Add to that a passel of problems — from the federal indictment on corruption charges of his former police commissioner, Bernard Kerik, to a kerfuffle over taxpayer-funded security provided to his third wife, Judith Nathan, back when she was his mistress — and Giuliani is suddenly looking a whole lot less inevitable than he did during the summer and fall. The news this week was that Giuliani was pulling back on his advertising in New Hampshire, a move that could be described as tactically necessary but strategically desperate.

So it was actually the most innocuous-sounding sound bite Giuliani provided that had the most news value. “I’ll be spending some of my Christmas holiday here in New Hampshire,” he said toward the end of his talk. He made a joke about skiing, too. Was Giuliani still planning to make a serious play for New Hampshire?

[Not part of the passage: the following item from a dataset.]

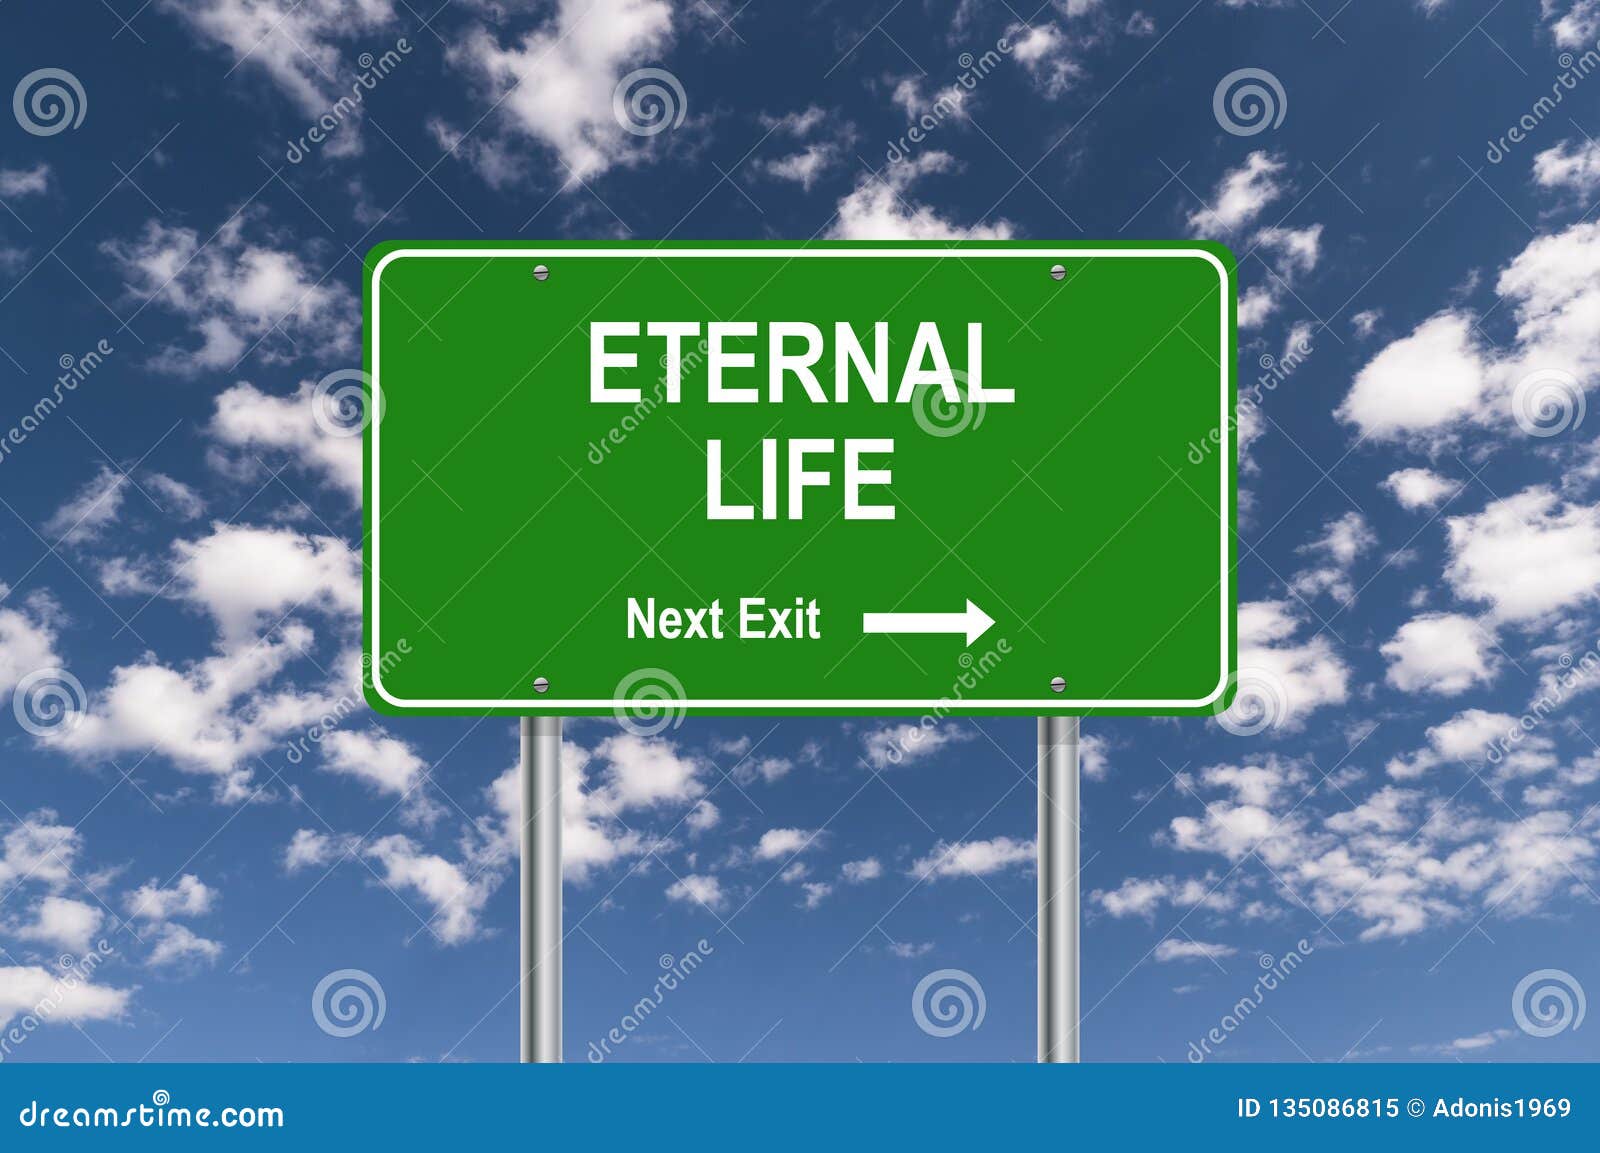 eternal life next exit

“Rudy Giuliani is not pulling out of New Hampshire,” insisted his state campaign chairman, Wayne Semprini, as a gaggle of reporters surrounded him after Giuliani had left the room. Semprini added that “55-60% of the people are still undecided,” holding out the prospect of a late surge for Rudy.

Next the journalists started talking with each other. Brad Puffer of New England Cable News stuck a microphone in front of New York Sun columnist Seth Gitell, a Bostonian and an old friend with whom I had made the trek north that morning. Gitell described Giuliani’s Christmas-holiday remark as “a symbolic attempt to maintain some presence in New Hampshire”. David Saltonstall, who’s covering Giuliani for the New York Daily News, told me it looked as though the former mayor was trying to keep his campaign in New Hampshire alive while simultaneously cutting back. “He’s walking kind of a tightrope with voters here, I think,” Saltonstall said.

It’s the perverse game of expectations, which often proves to be more important than the actual result. If Giuliani is perceived as having scaled down his campaign here but still manages to do well — say, coming in second to Mitt Romney, whose victory would be discounted because he’s the former governor of Massachusetts, a bordering state — then he could live to fight another day. (The flavour of the moment, Mike Huckabee, is not likely to be a factor in New Hampshire, where his fundamentalist religious views are nearly as unpopular with local Republicans as taxes and restrictions on gun ownership.)

Predictions are futile. Four years ago, I came to New Hampshire to watch John Kerry perform at an event that I described as an elegy for a campaign that had failed to anticipate the rise of Howard Dean. A few weeks later, Dean had collapsed and Kerry had all but wrapped up the Democratic nomination. Giuliani could win. Stranger things have happened.

But Giuliani’s problem is that he may have peaked too soon. No one expects Huckabee to win the nomination, but Romney, John McCain and even Fred Thompson all seem to be exploiting the turmoil created by Huckabee’s rise more adroitly than Giuliani has.

Giuliani told the lunch-time crowd that his platform comes down to two broad themes: “being on offence against Islamic terrorism and being on offence for a growth economy”. Trouble is, when it comes to politics, Giuliani these days is strictly on defence.

Seth Gitell on the setting of the Sun

I haven’t had a chance to take note of the New York Sun’s demise. Friend of Media Nation Seth Gitell, who wrote a political column for the Sun, weighs in usefully and at some length.

I’ve said this before, but the most fun I had in journalism was covering the two national conventions with Seth in 2000, when we were both working for the Boston Phoenix.

Last December I was able to enjoy a brief reprise, as Seth and I hit the road for a Rudy Giuliani event in New Hampshire, Seth covering it for the Sun and I for the Guardian.

Seth is a huge talent. Though it’s a shame he’s lost an important outlet, he’ll land on his feet.